PROBLEM TO SOLVE: When you reach the line containing "Panthers set embarrassing" in the entries below, start writing out each line exactly, and stop after the line containing "Vials labelled AstraZeneca".

AVAILABLE RECORDS:
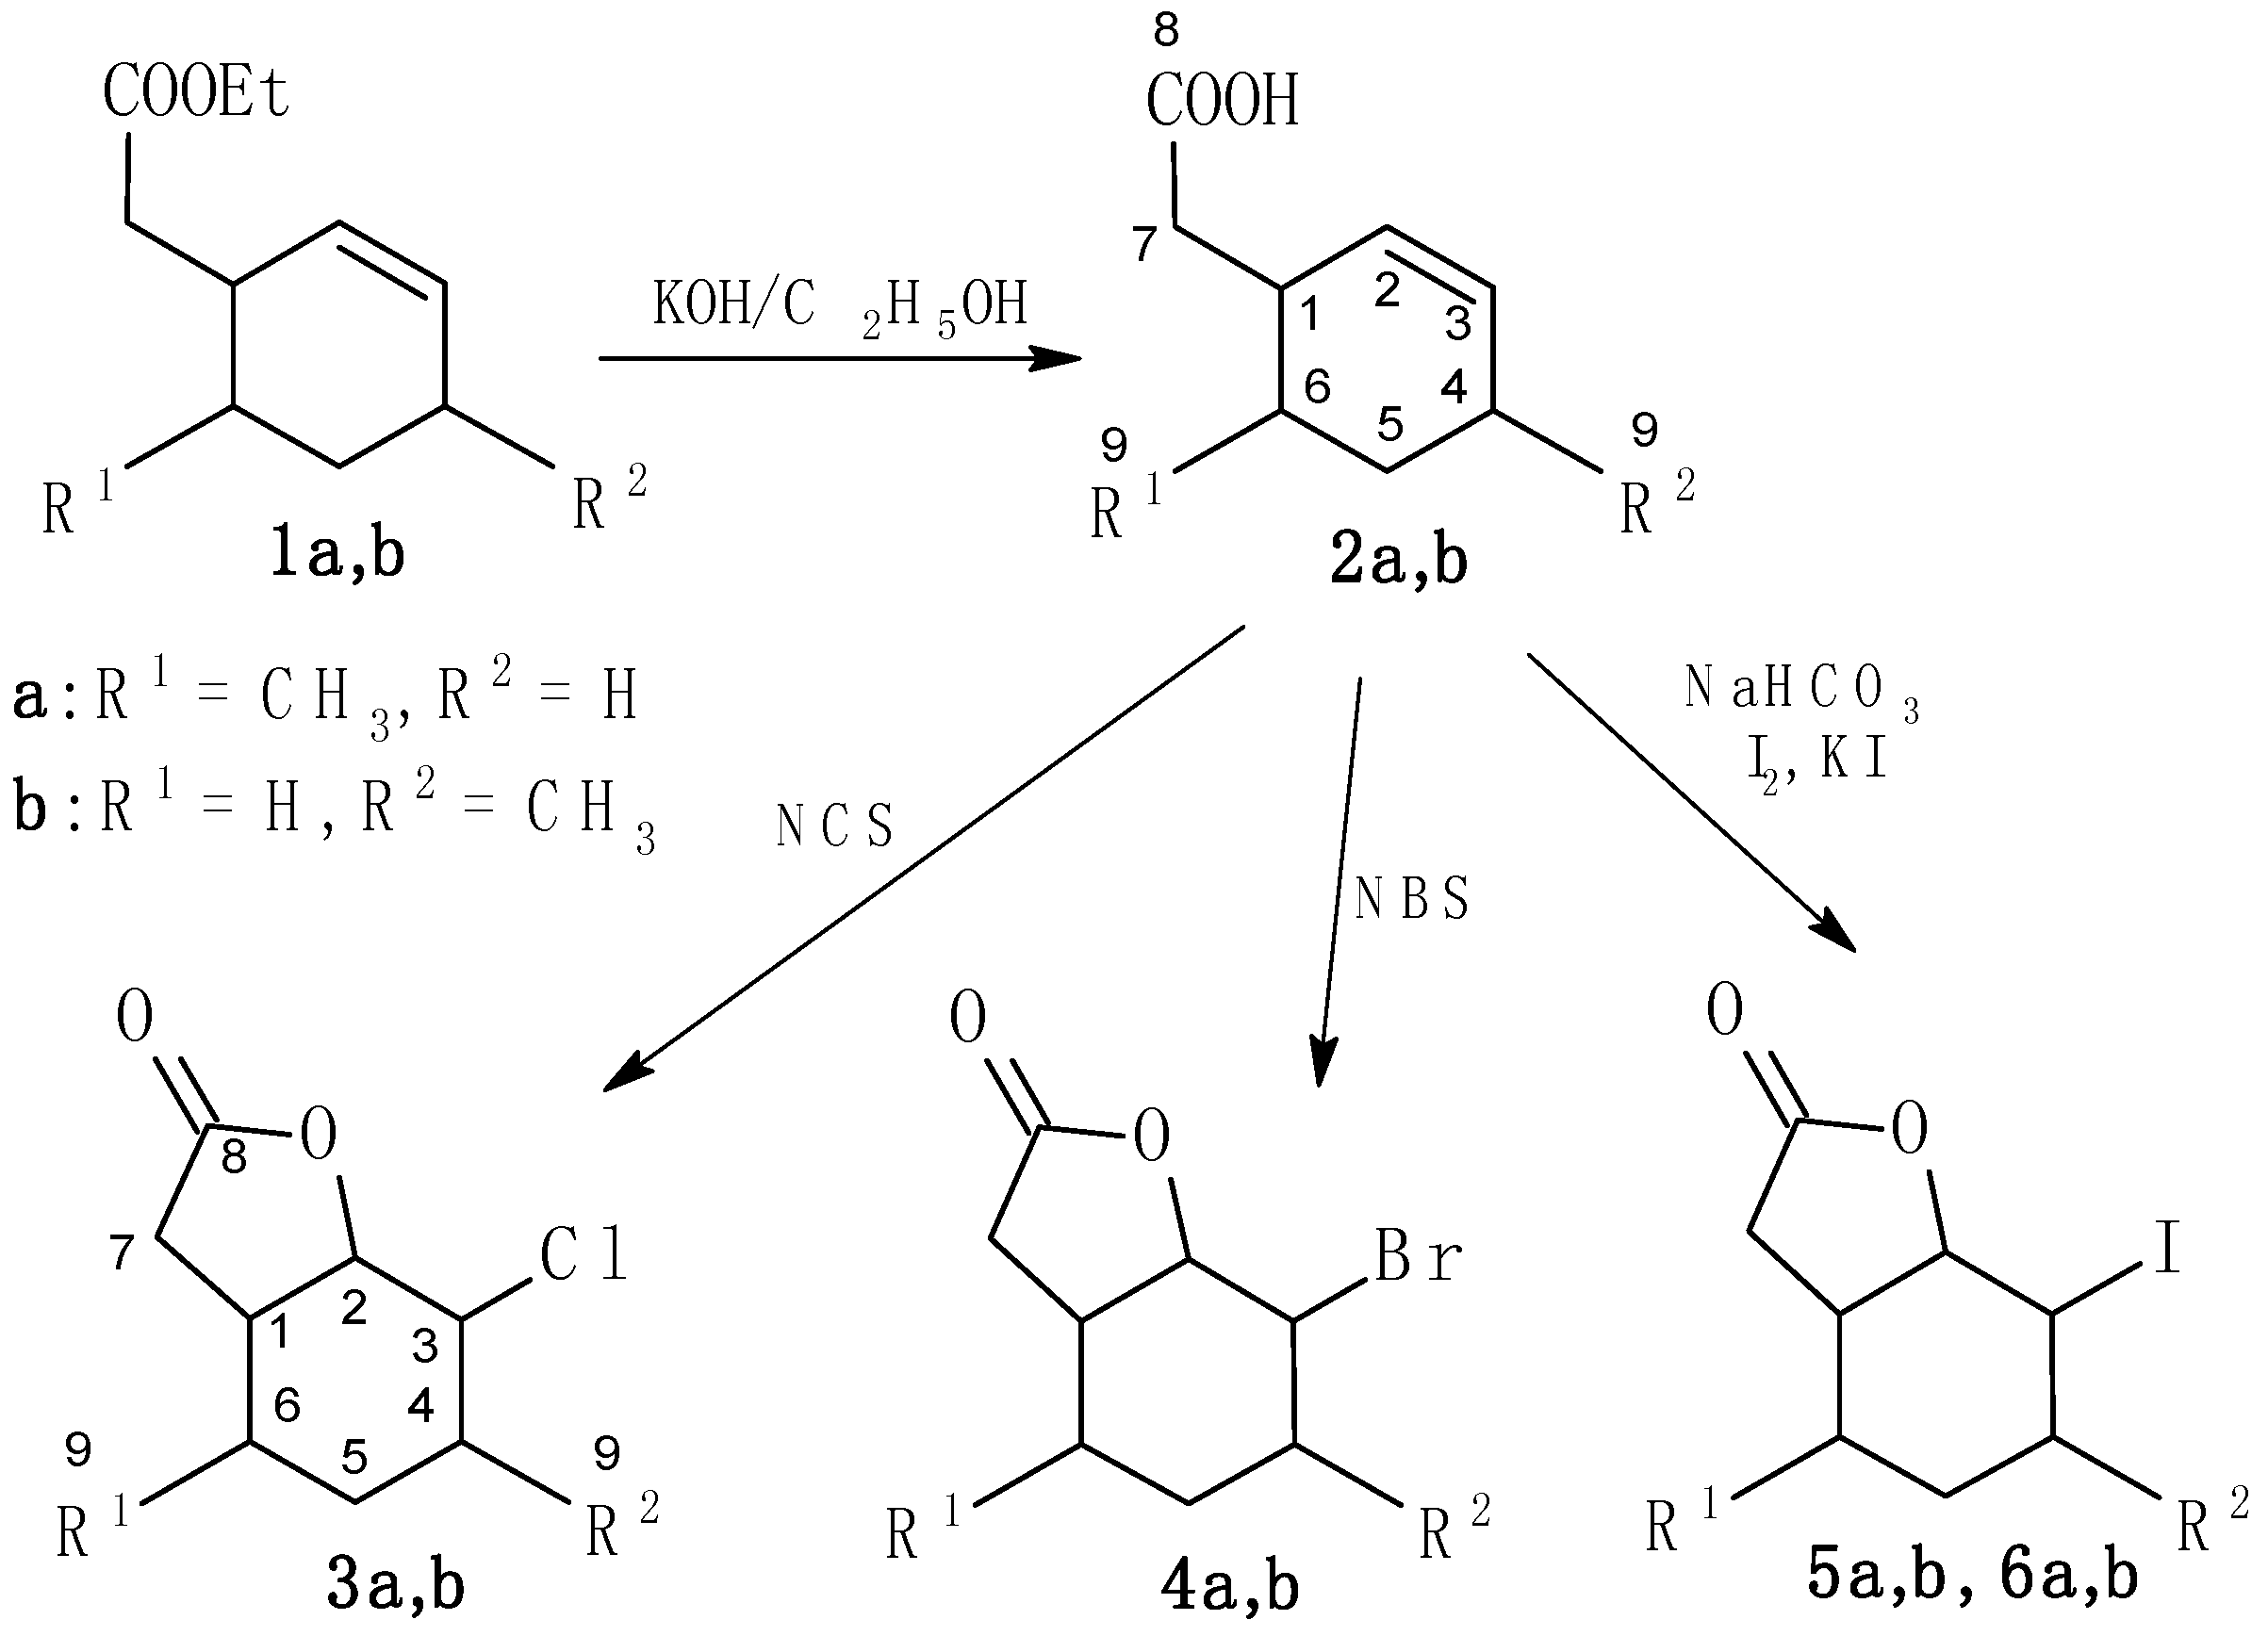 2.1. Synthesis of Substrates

==

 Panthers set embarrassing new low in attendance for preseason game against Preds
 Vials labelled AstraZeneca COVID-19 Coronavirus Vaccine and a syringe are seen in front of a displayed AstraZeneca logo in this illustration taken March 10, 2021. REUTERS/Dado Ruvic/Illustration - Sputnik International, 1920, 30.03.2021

SOLUTION:
 Panthers set embarrassing new low in attendance for preseason game against Preds
 Vials labelled AstraZeneca COVID-19 Coronavirus Vaccine and a syringe are seen in front of a displayed AstraZeneca logo in this illustration taken March 10, 2021. REUTERS/Dado Ruvic/Illustration - Sputnik International, 1920, 30.03.2021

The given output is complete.